__TASK INSTRUCTIONS__: For the entries that follow, restate word for word the line containing "That summertime #japan", the line containing "(2), Gotoh, with", and every line that lies between them.

__THE DATA__:

"""

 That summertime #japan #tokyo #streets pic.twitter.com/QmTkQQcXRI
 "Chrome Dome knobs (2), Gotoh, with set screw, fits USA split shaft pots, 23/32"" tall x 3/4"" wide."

"""
"""

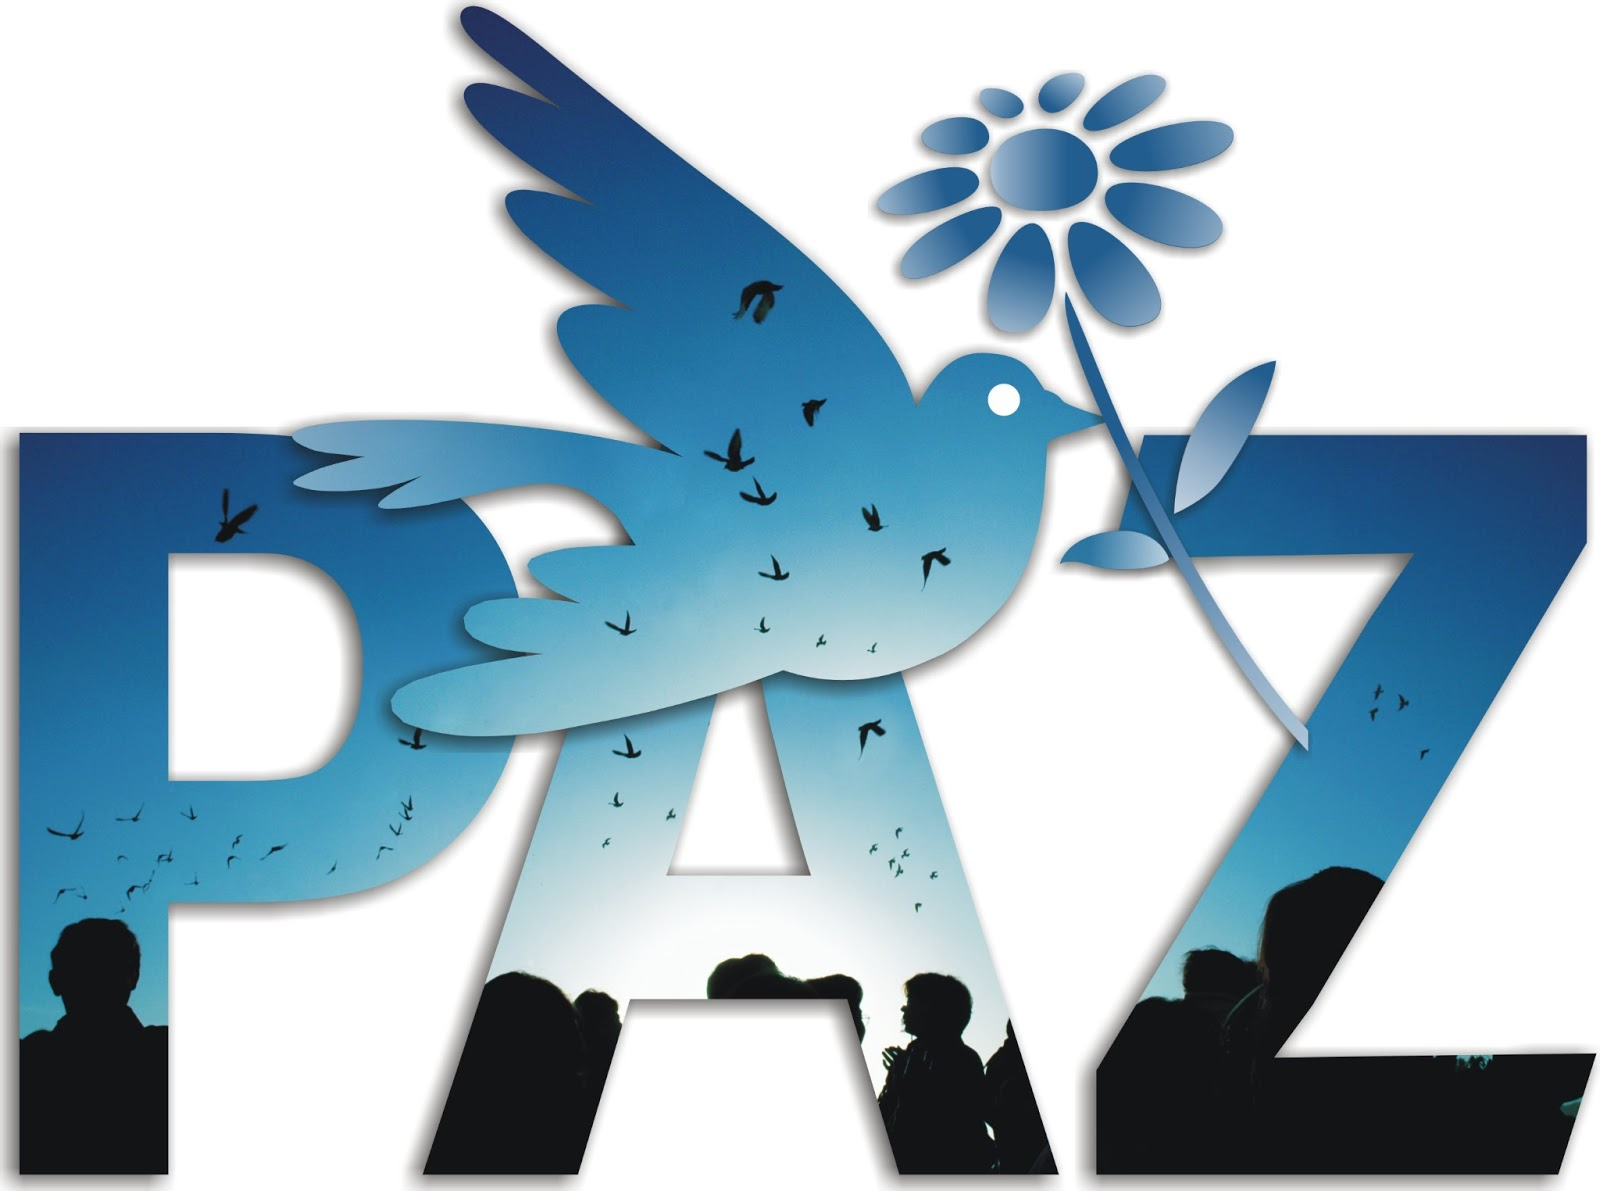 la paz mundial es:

"""

__TASK ANSWER__:
 That summertime #japan #tokyo #streets pic.twitter.com/QmTkQQcXRI
 "Chrome Dome knobs (2), Gotoh, with set screw, fits USA split shaft pots, 23/32"" tall x 3/4"" wide."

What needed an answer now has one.